[SUPPLIED MATERIAL Boundary: Start]

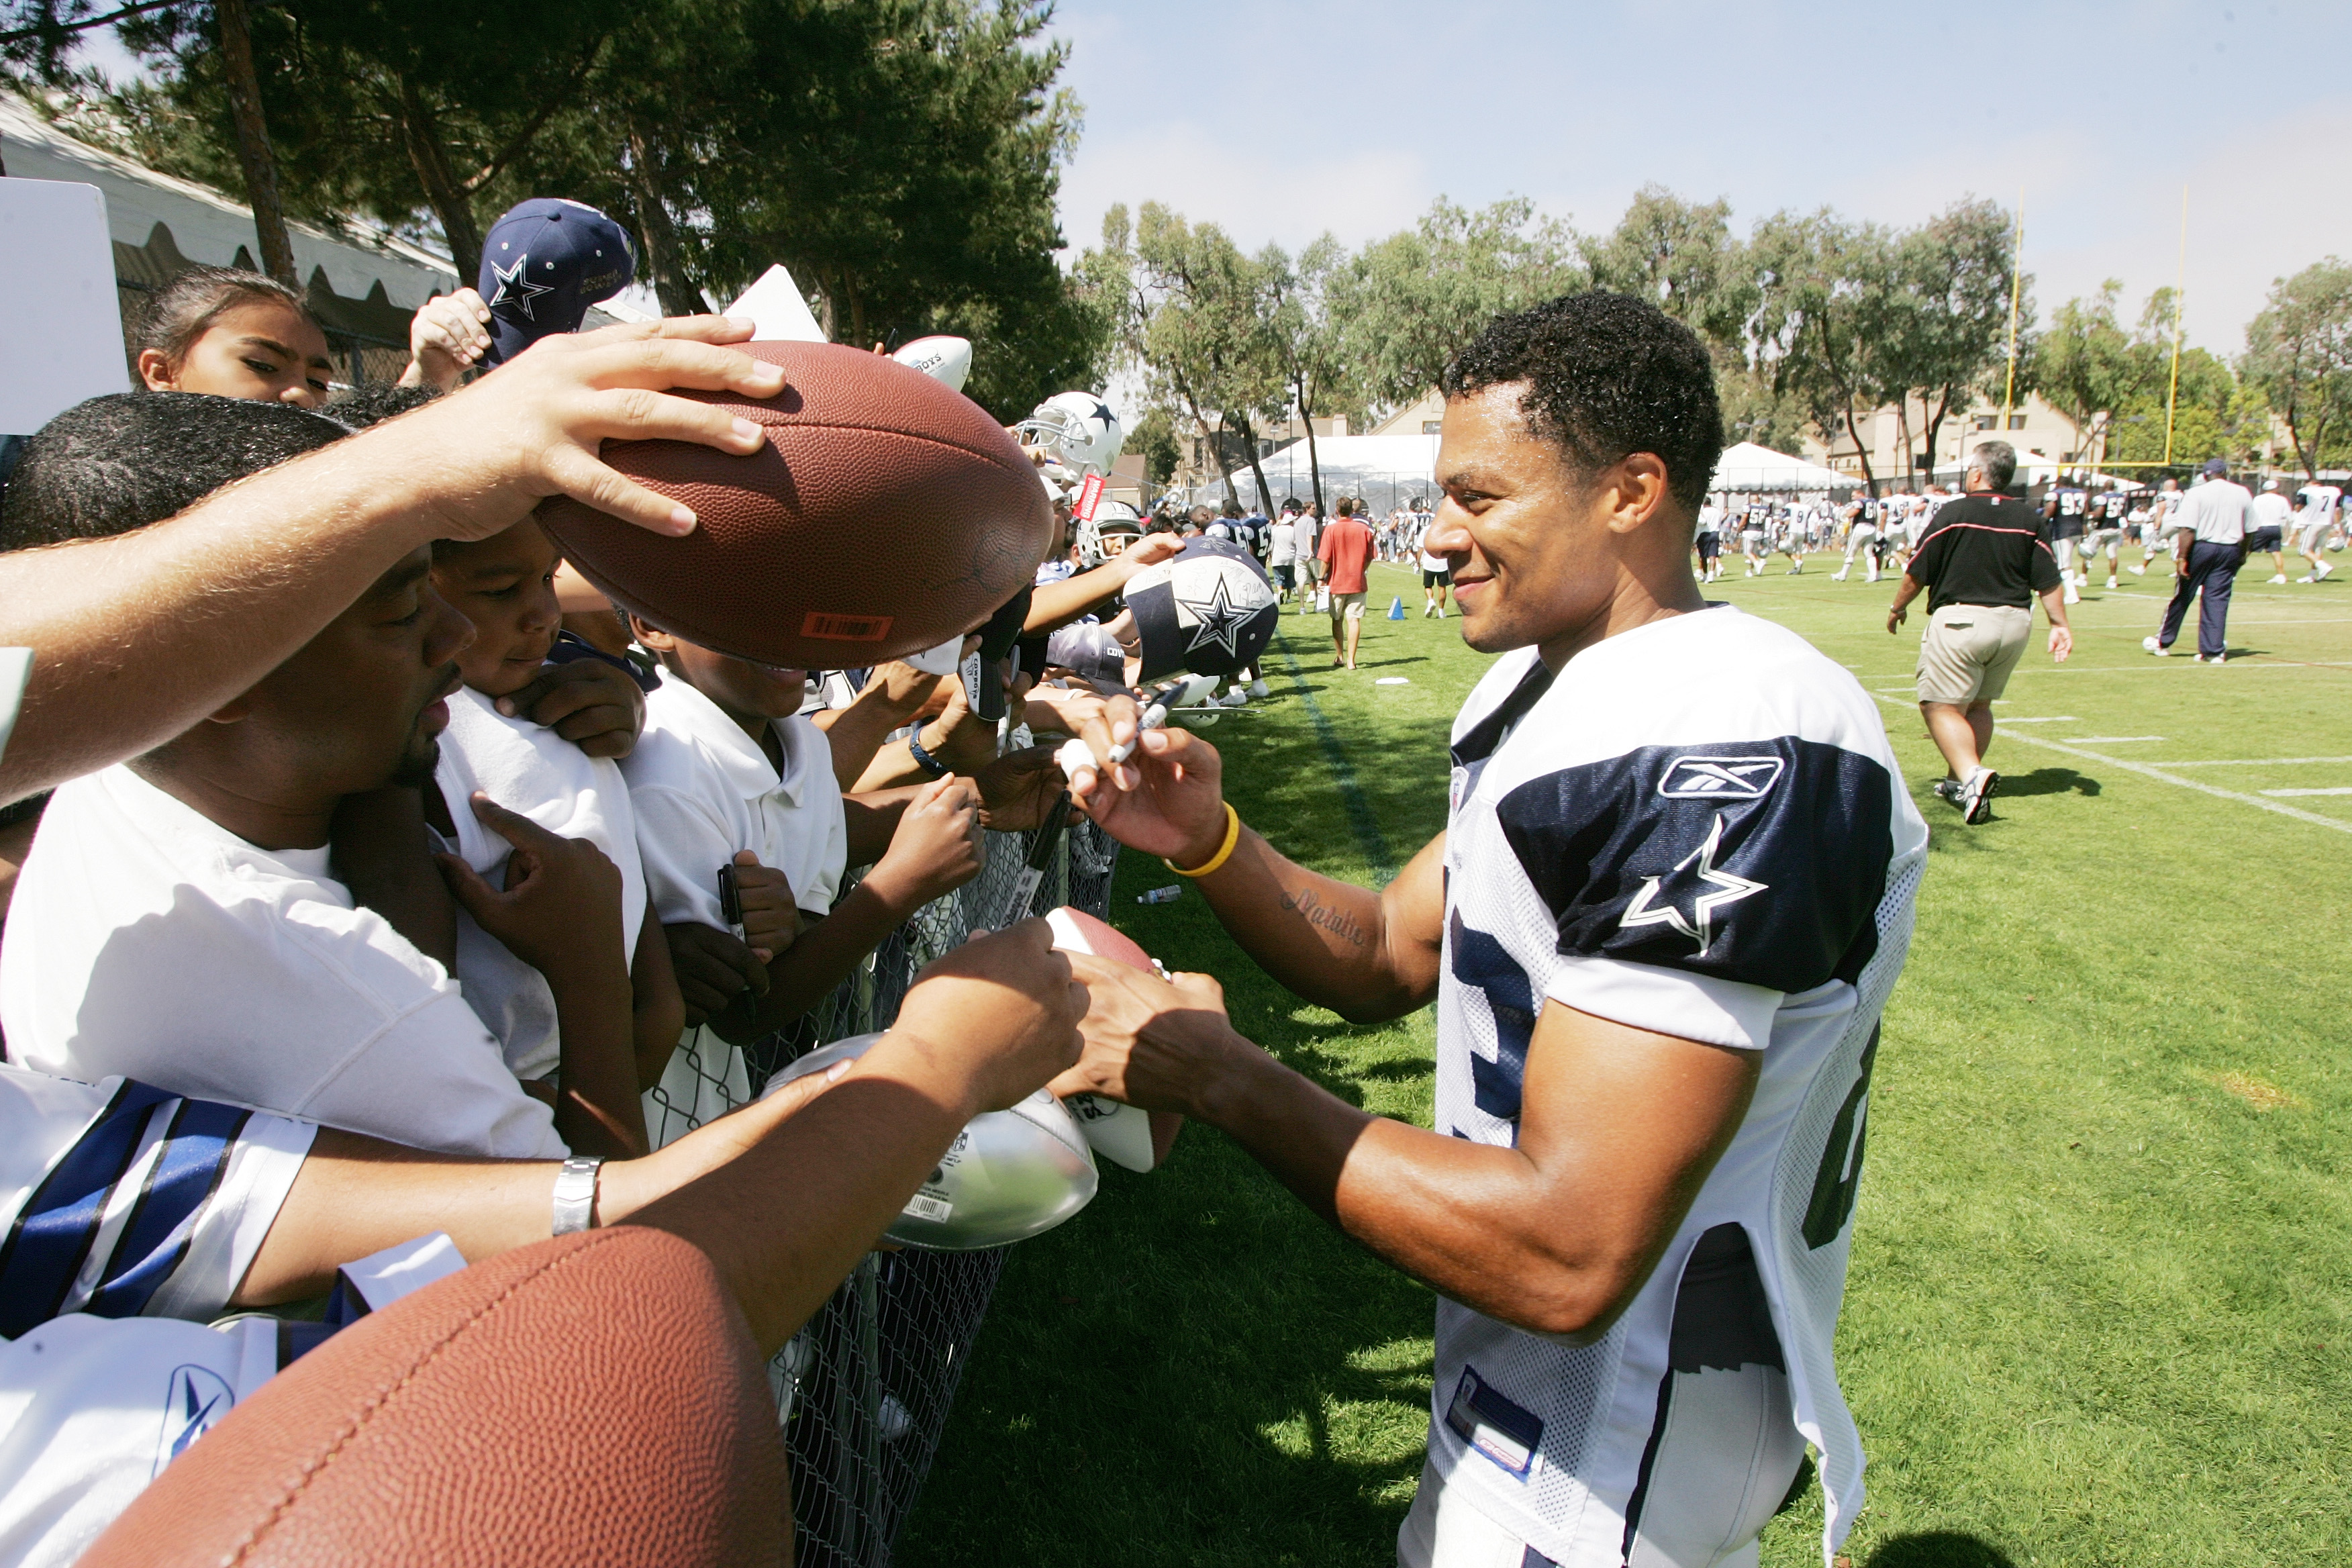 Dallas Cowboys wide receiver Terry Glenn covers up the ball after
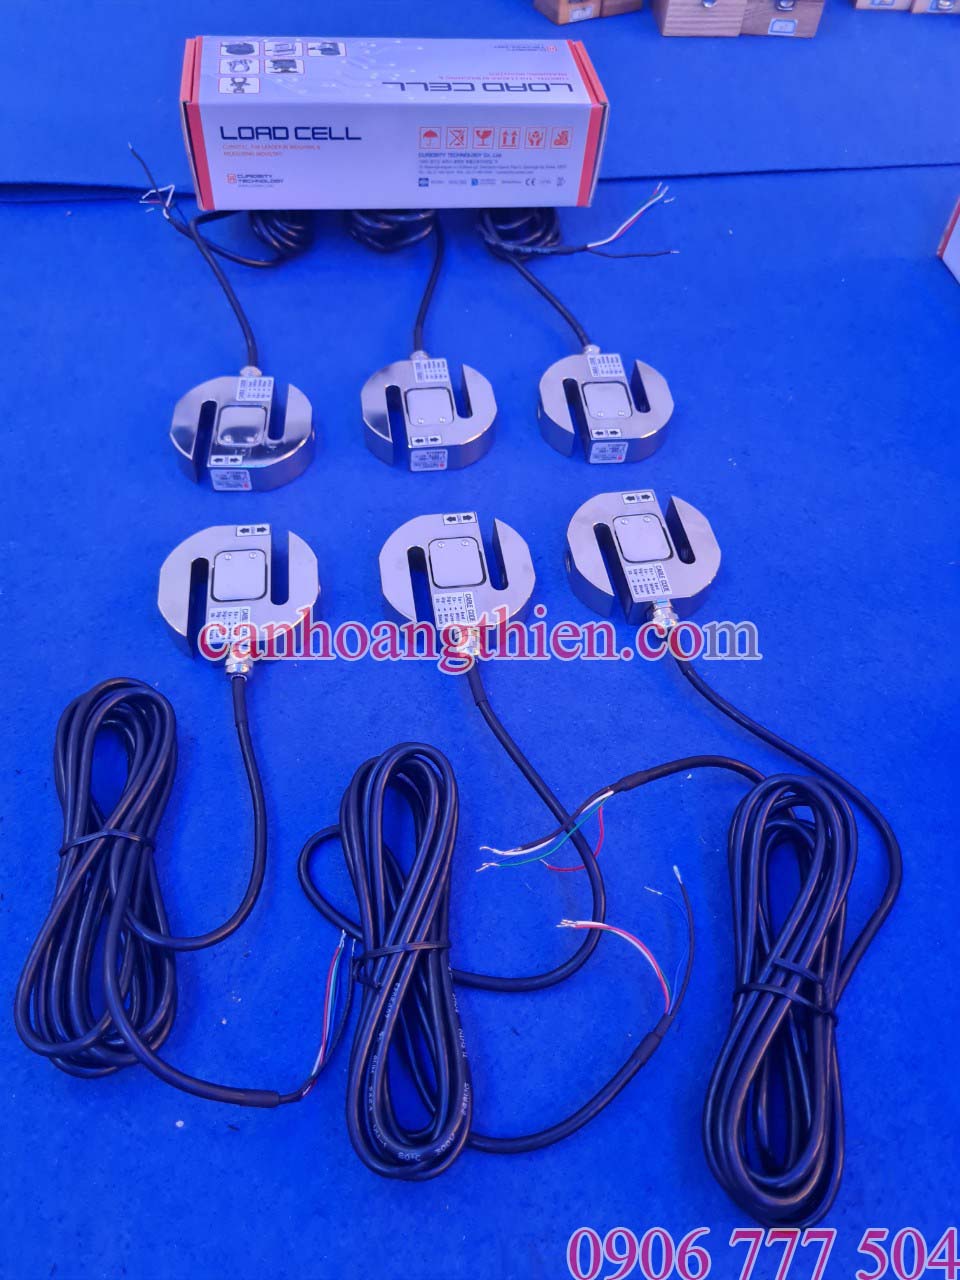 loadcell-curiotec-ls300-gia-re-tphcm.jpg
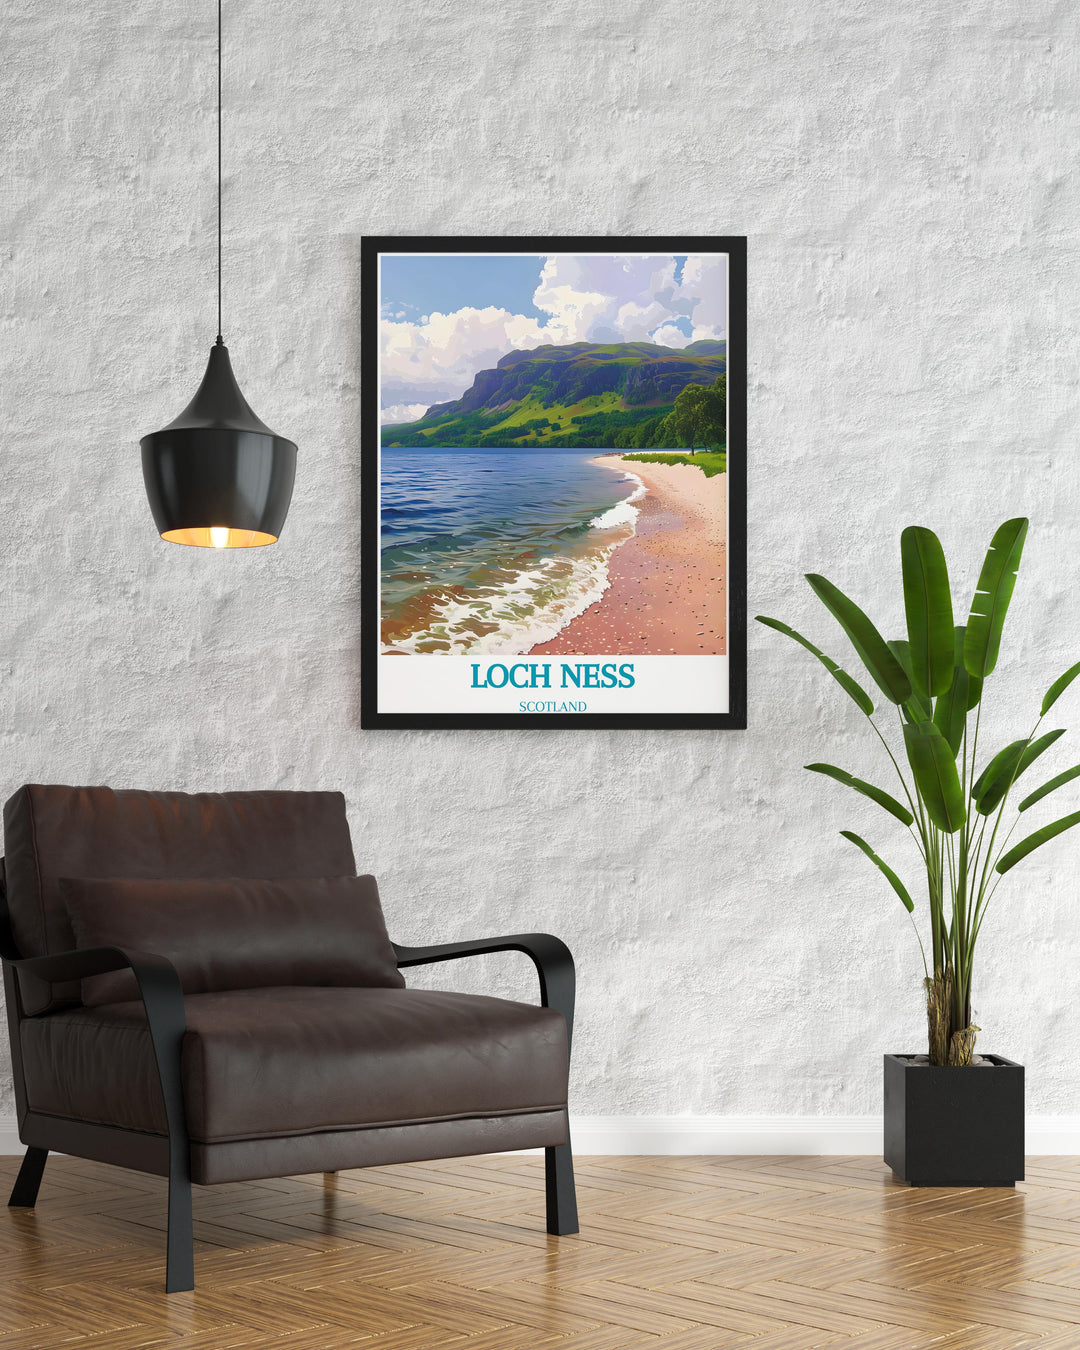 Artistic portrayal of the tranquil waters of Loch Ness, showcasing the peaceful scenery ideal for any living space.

[SUPPLIED MATERIAL Boundary: End]

■ PROBLEM STATEMENT ■
Make a word-for-word repeat of the material, skipping all pictures.

■ SOLUTION TO THE PROBLEM ■
 Dallas Cowboys wide receiver Terry Glenn covers up the ball after
 loadcell-curiotec-ls300-gia-re-tphcm.jpg
 Artistic portrayal of the tranquil waters of Loch Ness, showcasing the peaceful scenery ideal for any living space.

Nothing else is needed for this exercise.